The only way in and out of Chachapoyas is by bus and the taxi drivers will tell you that this is because in 2003  Trans Peru flight 222 crashed into a mountain on approach to Chachapoyas airport.  Our next stop was Cajamarca and we assumed that we could take a fancy Cama Bus. We were wrong, the 323 km road to Cajamarca  passes through treacherous mountain passes that could only be navigated by small buses. The ride takes 12 hours and in low season the only option is a night bus on Virgen de Carmen or Amazonas bus lines. We had been told that this is one of the most beautiful bus journeys in Peru but with a night bus we would not see anything.  I was not happy about this and tried to find other options such as renting a car, hiring a driver, taking a different route, or splitting the trip up with a stop in Celandin.  These “options” simply did not exist. There is no rental car agency in Chachapoyas, no driver would want to take us for less than an astronomical sum.  Here was my Canadian sense of comfort and privilege bumping up against developing world reality.  In Peru a 12 hour night bus is a comfortable option; the bus is safe, the seats recline and before the road was paved the journey could take 18 hours.

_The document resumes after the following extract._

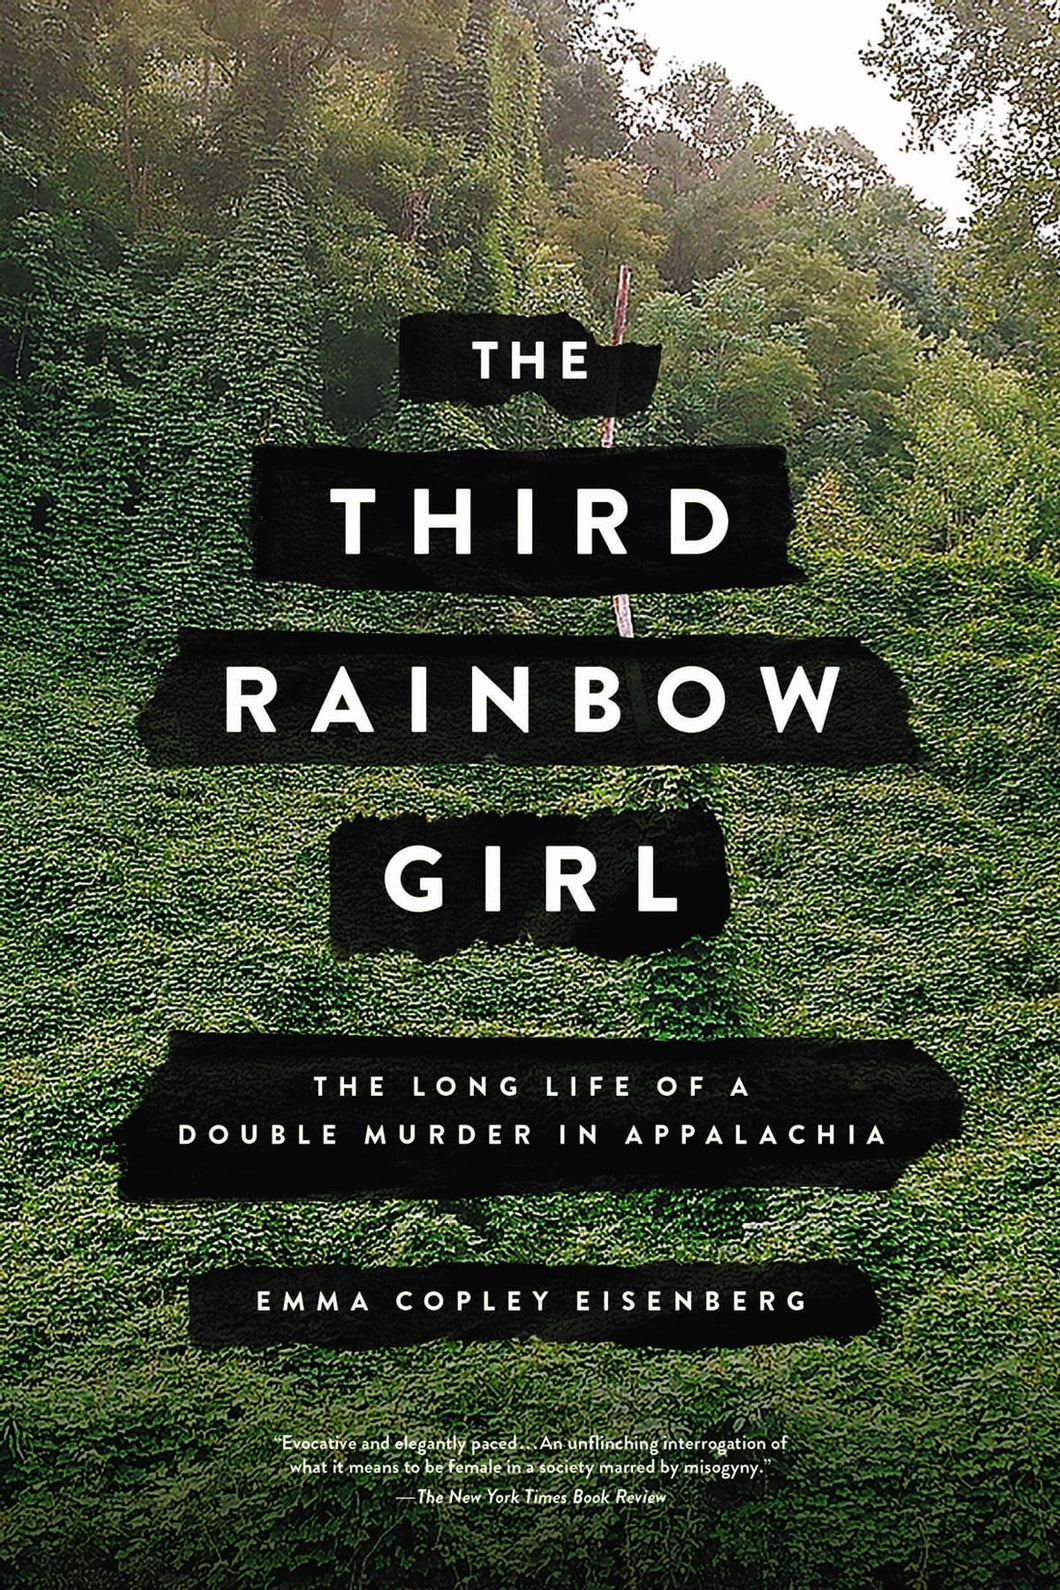 The Third Rainbow Girl: The Long Life of a Double Murder in Appalachia by Emma Copley Eisenberg / Hardcover or Paperback - NEW BOOK OR BOOK BOX

Eliot was more stoic about the whole thing and was able to negotiate a discount on our Virgen de Carmen bus tickets. If you are going to take a dangerous bus ride in South America, better to do it on a bus named after a virgin.

On January 23, we hiked up to Gocta falls, returned to town where we ate and washed up before walking with our packs to the station. We boarded at 7.30 pm.  The bus was full except for the back row. Eliot gets stressed before long trips and he was worried that our bags may get stolen by other passengers. His fear was based on experience he had as a teenager on a bus from Medellin to Cali Colombia. On that trip Eliot and his sister Sandra placed their bags on their laps before they fell asleep. When they awoke everything had disappeared except for an old VCR.

Our big packs were tagged and placed under the bus and we brought small packs on board. I wore a money belt and put my pack in the overhead rack and the other passengers watched as I tried to clip it in place. These measures were insufficient for Eliot who waited for the bus to get dark before locking his pack to his body using a metal security strap and a padlock.  It was like sitting next to a ninja turtle.  I took out my iPhone and fell asleep to the audio book version of Cutting for Stone.

I awoke at about 11 pm to the sound of the motor labouring as the bus climbed a steep hill. Feeling confined, I got up and went to the back row and lay down. At around 1 am I woke up again and looked out. The bus was on a narrow road with a steep drop off. We were high up and the entire valley was lit up by a full moon. As the bus went up and down switch backs I was able to see river valleys and mountains.  Tin roofs of houses would reflect the moon light as we passed and I also saw roadside cactus. In the light I could make out distance, depth relief but no colour or details. It was a beautiful moment. I thought about getting my camera but decided to just enjoy the moment. In the end I got both my cama, and a chance to see the countryside.

At 3 am we arrived in Celendin. We disembarked with our luggage and waited in a cold waiting room for the larger bus that would take us to Cajamarca. The waiting room had families and kids and the staff offered us coffee, tea and biscuits. The TV was showing an episode of a Peruvian Crime show about a woman who killed her best friend in a fight over a man. It was very dramatic you saw photos of the friends in better days, a re-creation of the crime, the killer in jail and the mothers crying and asking why did they do it. All eyes in the station were riveted on the screen. It was all a bit much for us at 3 am and we had to control our laughter as the others passengers scowled as us.

The larger bus arrived and we arrived in Cajamarca at 7.30 am. Eliot sat with the bags at the main square while I scouted out hotels. With information from I negotiated four nights at the Cajamarca Costa del Sol hotel for 200 soles/night ($80).  By North American standards the place was a nice hotel. For us it was pure luxury a big room with two beds, tons of towels, working wifi, and reliable hot water. The rate included a breakfast buffet and there was a rooftop gym that looked over the roofs of the city. We both realized that every now and then we needed a break. However, we were still acting like travellers and Eliot put up a clothing line in the bathroom and did laundry making our bathroom look a bit like a shanty town. The next four days were spent touring the town, the inca sites and the markets.